It had been a good while since Mary felt the flutter of joy in her breast. This warm hand in hers was precious flesh. It had been an arduous journey from Jerusalem across the scorching desert to reach the oasis. Many wanted to follow her, but Mary insisted that families should not be uprooted and sent to an uncertain fate. At her final meal with her flock, she hugged each member and wept with them, and before dawn on the Jewish Sabbath day, she bade farewell to her homeland. Only Quintus and two other stalwarts accompanied her, and truth be told, there was nothing Mary could have said or done to keep the faithful Quintus from her side. Mile after grueling mile, Mary rocked on the swayback of her mule and felt her life force draining, and she was sure that death would come to her in Egypt, the ancient land of pharaohs that Moses had fled. But the melancholy that befell her on the journey was at once washed away by the cold, clean, anointing water that was this woman, Leah.
“You and I are much alike,” Mary said, her voice strengthening. “We have both lost loved ones to the wickedness of Rome. We both had the fortitude to take our places at the head of the table. We are truly sisters in Christ. There is no time to waste. In the morning, I would begin my account of my life in the service of Jesus of Nazareth.”
Leah said, “I will listen in rapt attention, Blessed Matriarch. We have papyrus, and we have ink. Isaiah will be your scribe. He can write in Greek, the language of the world, for Christians everywhere need to know about you and your acts.
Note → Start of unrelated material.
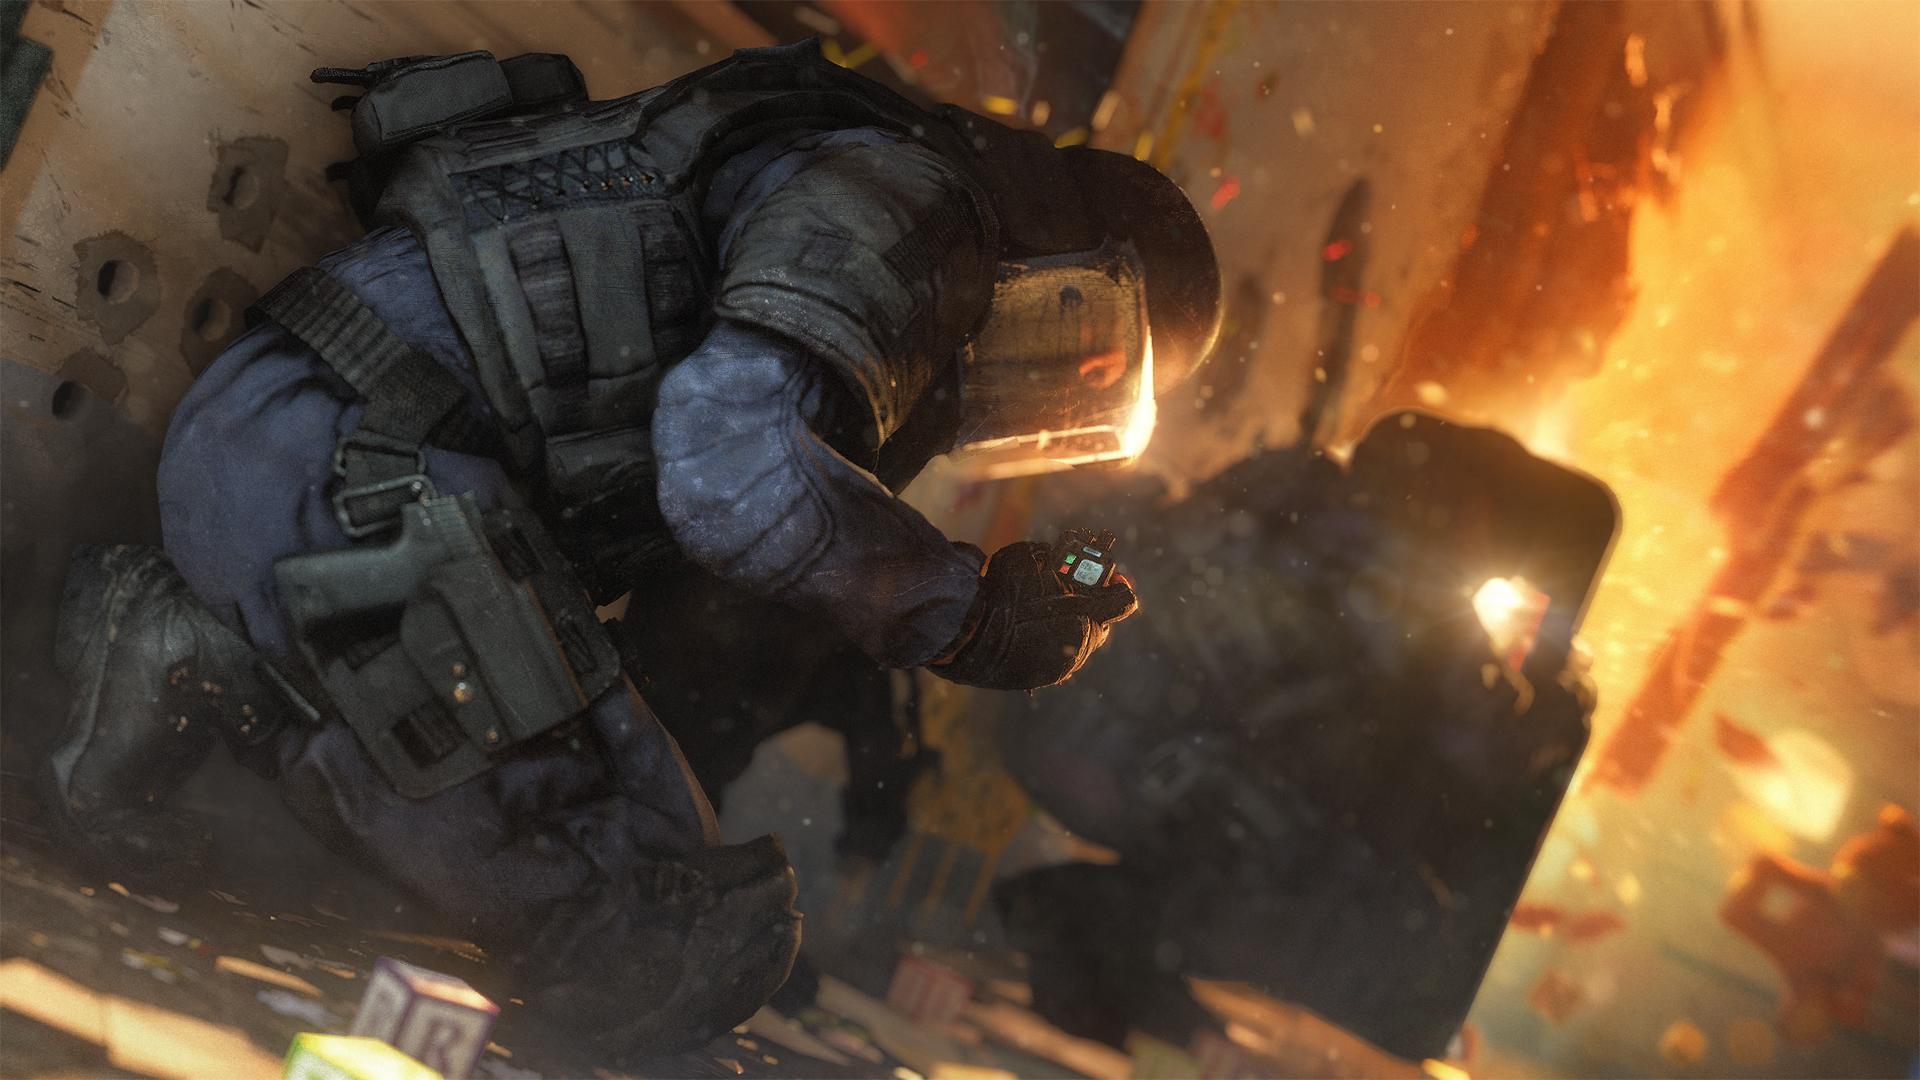 Tom Clancys Rainbow Six Siege Full HD Wallpaper

In the years to come, they will sing the praises of the three pillars of our faith—Jesus Christ, our Lord and Savior, Simon Peter, the rock upon which the Church was built, and Mary of Magdala, the mother of the Church.” She let go of Mary’s hand and clasped hers together in prayer. “We shall call your story the Gospel of Mary.”
2
The present
Although most of the passengers on Delta flight 124 from Boston to Rome were American, Portuguese was the language that ruled the roost that night.
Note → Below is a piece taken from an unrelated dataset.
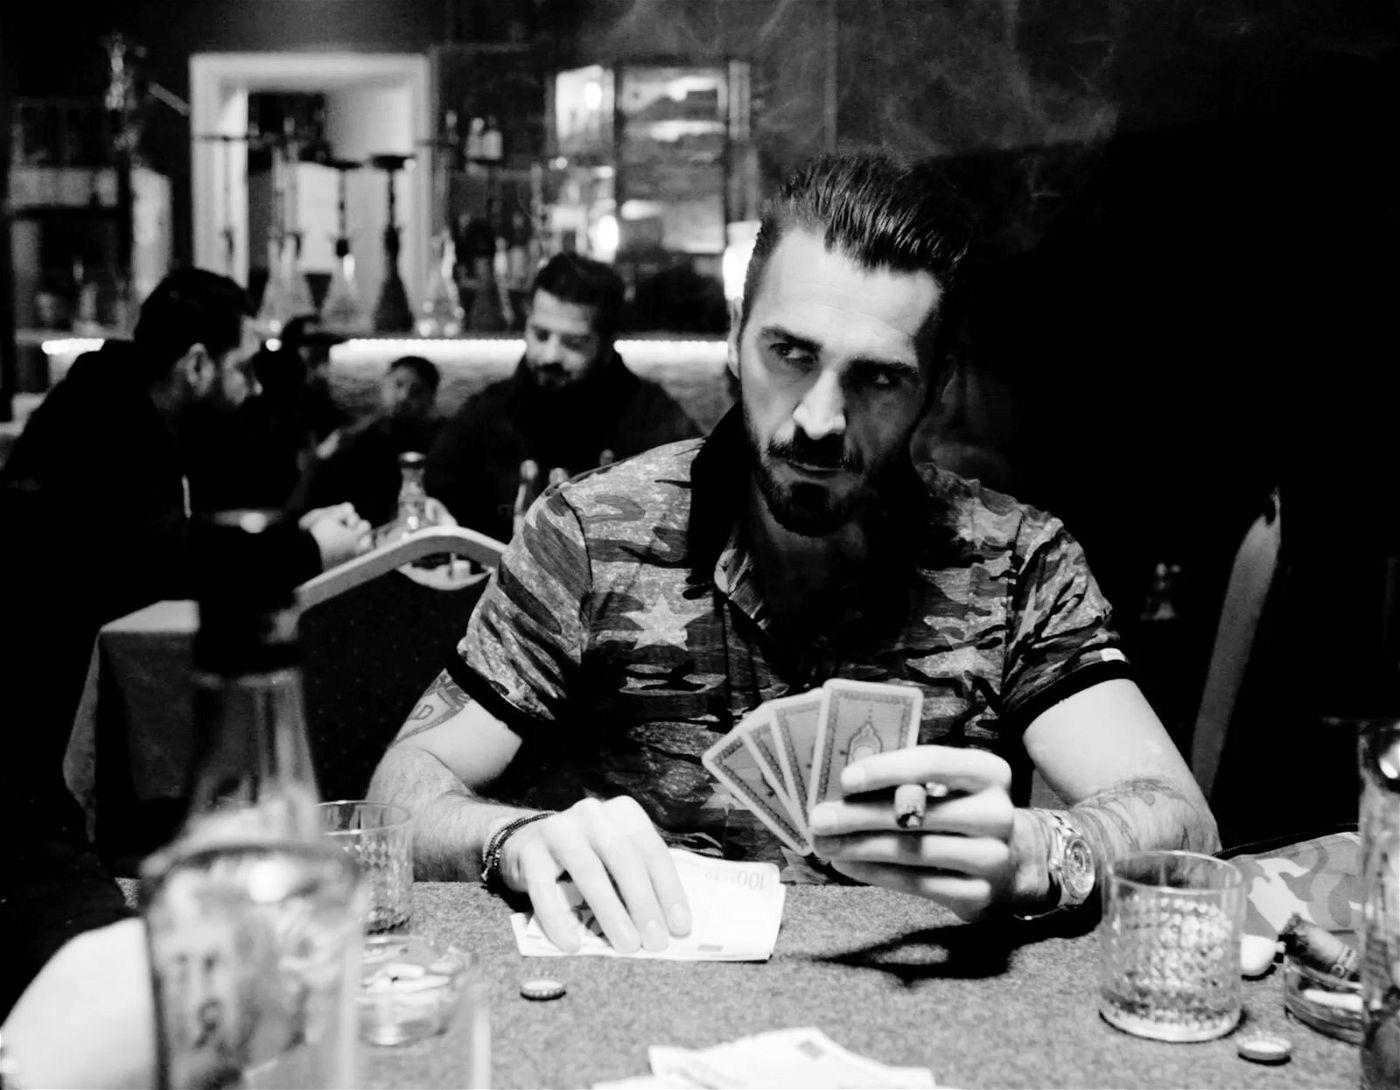 """""""Man from Beirut"""" ist eine Gangstergeschichte, die vor allem mit grandiosen Bildern überzeugt."""

Cal Donovan estimated that three-quarters of his fellow travelers were of Azorean descent. As the plane streaked over the Atlantic, they burst into traditional Azorean folk songs every few minutes, creating an atmosphere more like a soccer match than an international flight. Cal had given up on sleep. Although business class was a little less raucous than economy, the curtains separating the cabins did nothing to dampen the festivities. Not that he minded. He was in a partying mood himself.
It wasn’t every day you were heading to the inauguration of one of your closest friends to become the next pope.
The flight attendants discovered that Cal spoke Italian like a native, and one of them leaned over and said in a husky Milanese accent, “There seems to be a problem with your glass.”
“And what problem would that be?”
“It’s empty. Same again?”
He answered with a smile.
She returned with another Grey Goose on the rocks and declared the problem solved.
“Temporarily,” he replied.
“You had an accident?” she said, pointing at the walking cast poking from under his trouser leg.
“It was a fight, actually. You should have seen the other guy.”
She took it as a joke and went about her business. It wasn’t. The other guy was dead.
Most people with a broken leg gain weight from inactivity. Cal had lost a few pounds, and for the first time since he was a skinny kid in the army, his cheeks were hollowed out. He wasn’t the type to dwell on emotions or blame a poor appetite on stress. He just cinched his belt a notch and got on with things.
If anything, a lighter Cal was even more handsome than his recent cover shot in The Improper Bostonian’s issue on Boston’s most eligible singles. His jawline was sharper, and his dark eyes sunken deeper were even more penetrating. He seemed to have something of the night about him.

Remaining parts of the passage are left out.